Figura 1: Fortezza superdimensionale Macross – episodio 27 “L’amore scorre” – minuto 12:01 | Screenshot catturato dall’autore | 9 marzo 2019 | fonte: https://www.youtube.com/watch?v=4MWNbm430LE © Studio Nue, Artland, Tatsunoko
Figura 1: Fortezza superdimensionale Macross – episodio 27 “L’amore scorre” – minuto 12:01 | Screenshot catturato dall’autore | 9 marzo 2019 | fonte: https://www.youtube.com/watch?v=4MWNbm430LE © Studio Nue, Artland, Tatsunoko

Nel 1982 l’anime Il magico mondo di Gigì rivoluzionò il genere introducendo elementi di riconoscibilità che hanno contribuito al successo dei quattro anime successivi dello studio Pierrot: L’incantevole Creamy del 1983 (Fig. 02), Evelyn e la magia di un sogno d’amore dell’84, Magica, magica Emi dell’85 (Fig. 03) e Sandy dai mille colori dell’86. Creamy, Evelyn, Emi e Sandy sono, secondo Luca di Martino, le rappresentanti più “autorevoli” del filone, tutte arrivate su Italia 1 tra il 1985 e il 1987.31 In molti hanno cercato di individuare e spiegare le ragioni sociali, culturali, linguistiche e, spesso, meramente commerciali che hanno decretato il successo delle maghette nella penisola. Sul piano degli espedienti narrativi ricorrenti e di successo in queste serie, si possono elencare:

  • La segretezza della dimensione magica della vita delle eroine, la cui conoscenza è condivisa solo – nella maggior parte dei casi – con un aiutante magico.

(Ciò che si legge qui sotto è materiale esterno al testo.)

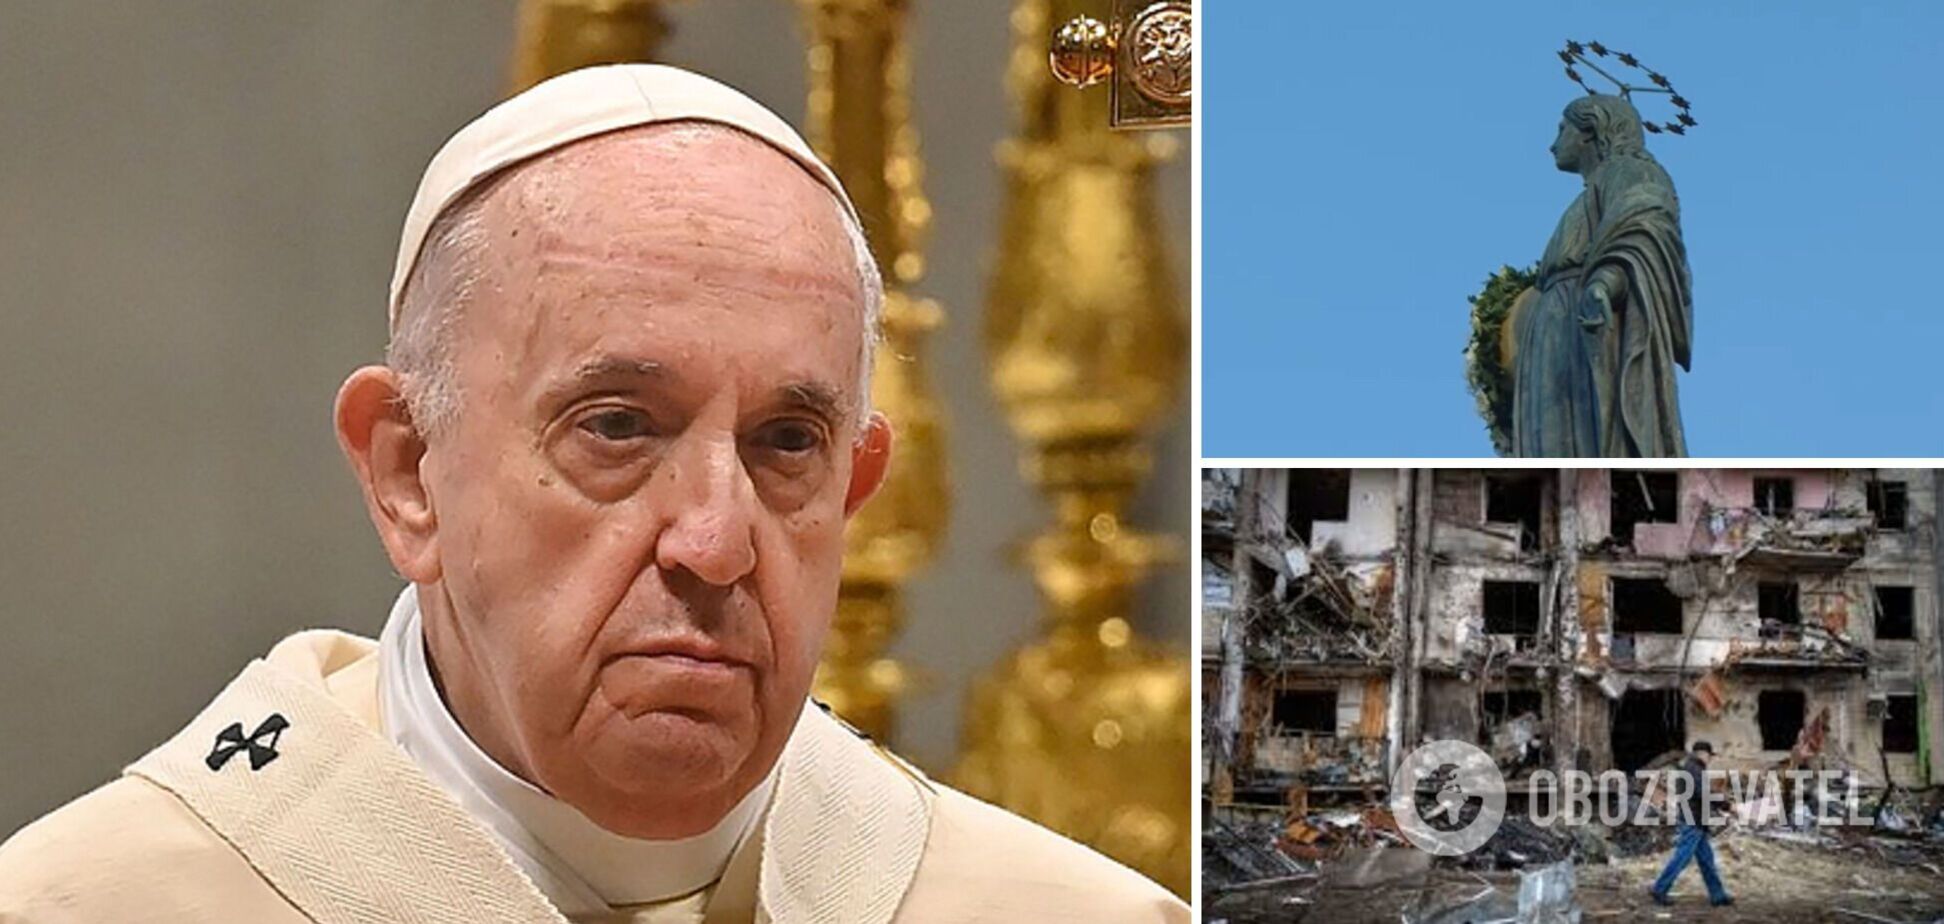 Папа Римський розплакався, згадавши в молитві про народ України. Відео

  • La presenza di mascottes (assistenti magici, procioni o gattini parlanti, scoiattoli volanti, etc.) che fungono da voce della coscienza, e forniscono consigli, indicazioni, ammonimenti e, quando necessario, rimproveri sul modo in cui le eroine usano le proprie abilità magiche.

  • Un incipit narrativo in cui la protagonista riceve un oggetto magico (bracciale, specchietto, bacchetta, etc.) da cui scaturiscono le sue abilità. La bacchetta magica sarà riproposta, con un grande successo commerciale, negli anime con protagoniste femminili guerriere degli anni ’90 (basti pensare ai vari scettri di Sailor Moon).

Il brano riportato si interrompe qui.